= Pittsfield phylactery =

Missing phylactery

The Pittsfield phylactery is a missing phylactery with a black leather strap. It was discovered in Pittsfield, Massachusetts on the property of Joseph Merrick in 1815. It contained Hebrew writing and was later lost.

"In June 1815, a boy employed by Merrick 'to clear the yard between the house and the wood house' found a black leather strap among the debris left by plowing. According to Josiah Priest, who took the account from the Reverend Mr. Ethan Smith, author of "View of the Hebrews," Merrick tossed the object in a box and forgot about it for several days until his curiosity got the better of him. When Merrick cut the strap open, he found that the box contained several tightly scrolled pieces of parchment inscribed with Hebrew characters."

Historian William H. Goetzmann wrote that "the Pittsfield phylactery caught the attention of nearly every major nineteenth-century proponent of the Lost Tribes theory before it mysteriously disappeared.

A local Congregational minister, William Allen, was asked by Presbyterian minister Sylvester Larned to interpret the 4 pieces, interpreting them as being Hebrew versions of parts of Deuteronomy and Exodus. At first accepting the suggestion it was old and backed the lost tribes argument, he then suggested that as it was found in an area 'in which chips and dirt had accumulated for years' and was in good condition, another explanation was more likely, that it had been dropped by one of the German and American prisoners Merrick employed during the War of 1812.

Larned, disagreeing with Allen's hypothesis, sent it to the American Antiquarian Society, specifically to Elias Boudinot. There is no evidence of its existence after this, and it was not mentioned in Boudinot's 1816 book A Star in the West, A Humble Attempt to Discover the Long Lost Ten Tribes of Israel; Preparatory to Their Return to Their Beloved City, Jerusalem.

Lee M. Friedman wrote about it in 1917 but found no conclusive evidence support the possibility of it having been dropped by a Jewish settler or trader.

Enter now the Vermont clergyman Ethan Smith who having learned of the phylactery interviewed Merrick and wrote an account of its discovery which was similar to Allen's. He then spoke to a Dr.
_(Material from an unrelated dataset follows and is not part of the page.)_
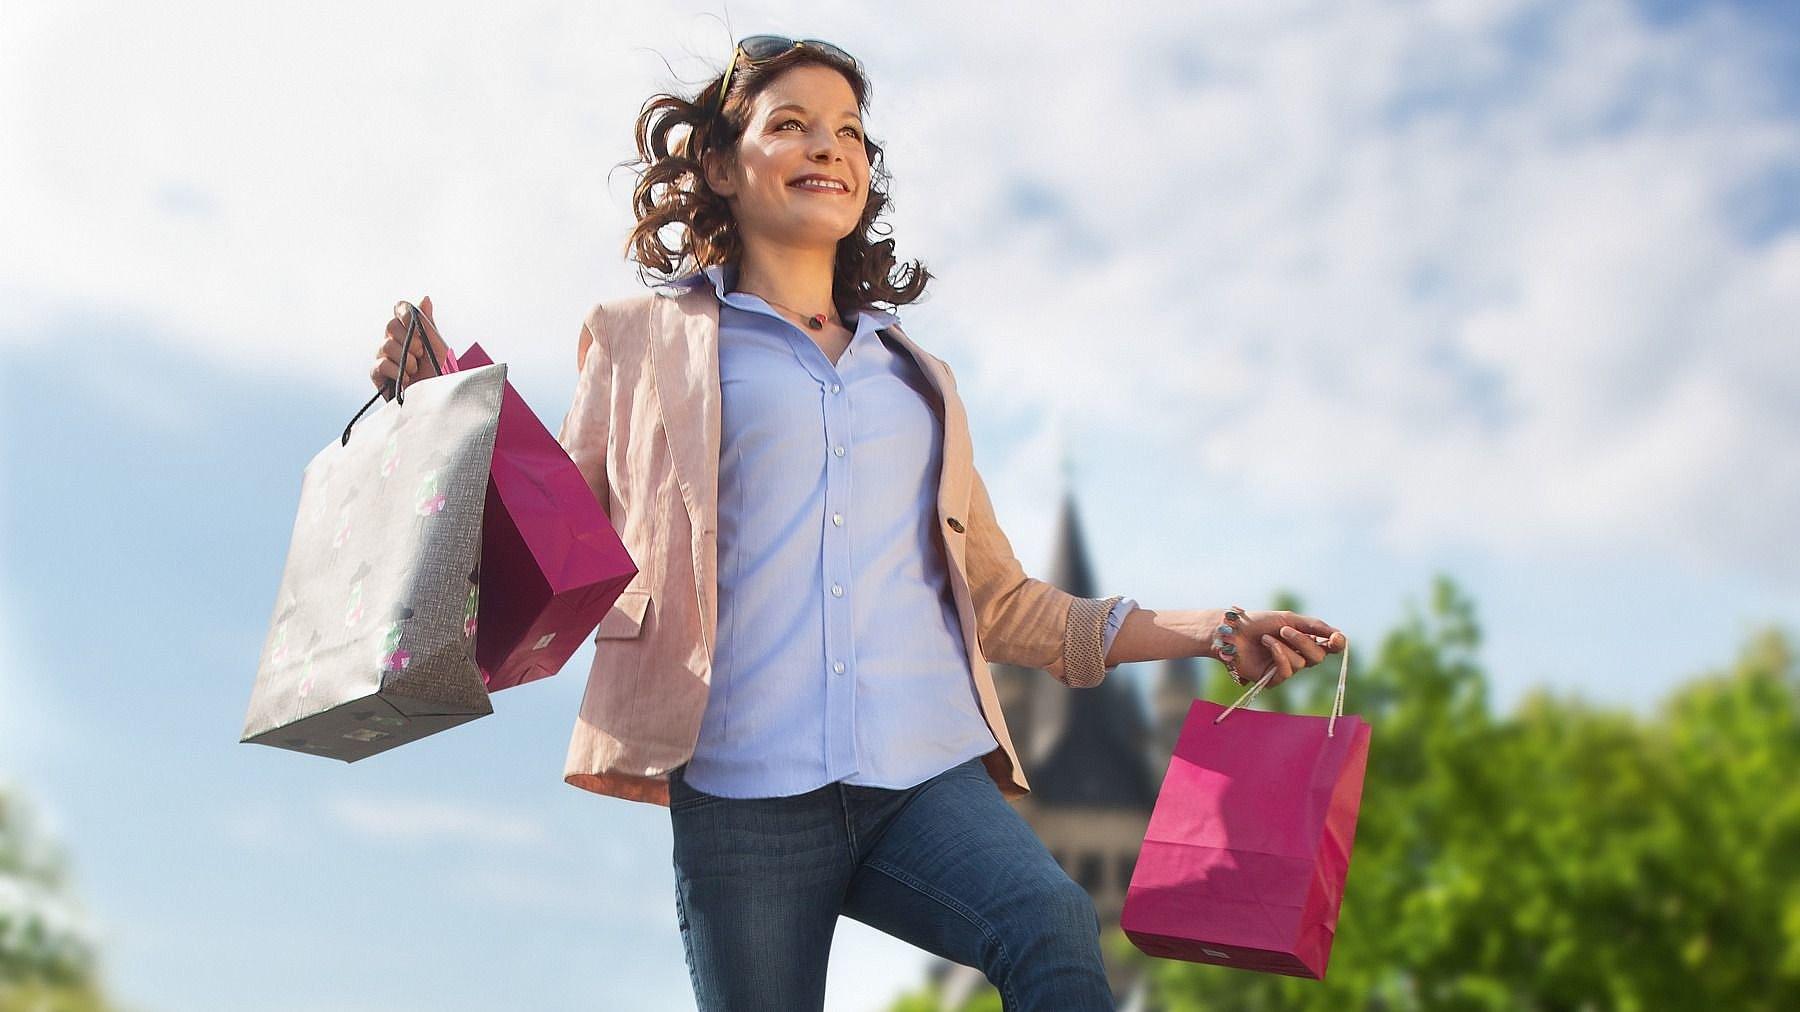 igli Comfort carbon insoles woman shopping bags medi

West in nearby Stockbridge and who told him that 'an old Indian informed him that his fathers in this country, had, not long since, been in the possession of a book which they had, for a long time, carried with them, but having lost the knowledge of reading it, they buried it with an Indian Chief.' Smith believed that 'these passages . . . were found in the strap of rawhide; which unquestionably had been written on the very pieces of parchment now in the possession of the Antiquarian Society, before Israel left the land of Syria, 25000 years ago.' In 1823 Smith wrote View of the Hebrews which argues that Native Americans were in fact the Ten Lost Tribes of Israel.

Fawn M. Brodie, the first important historian to write a non-hagiographic biography of Joseph Smith, proposed that Joseph Smith's theory of the Hebraic origin of the American Indians came "chiefly" from View of the Hebrews. "It may never be proved that Joseph saw View of the Hebrews before writing the Book of Mormon," wrote Brodie in 1945, "but the striking parallelisms between the two books hardly leave a case for mere coincidence."

Goetzmann thought it likely, if not certain, that a young Joseph Smith heard of the phylactery, concluding that "If the Pittsfield discovery was not a direct source of the Mormon legend, at the very least it contributed to the contemporary mythology that caused other writers to concoct tales about ancient historical manuscripts found in America."

Discussion of the artifact was part of a 2011 historical reenactment in the area.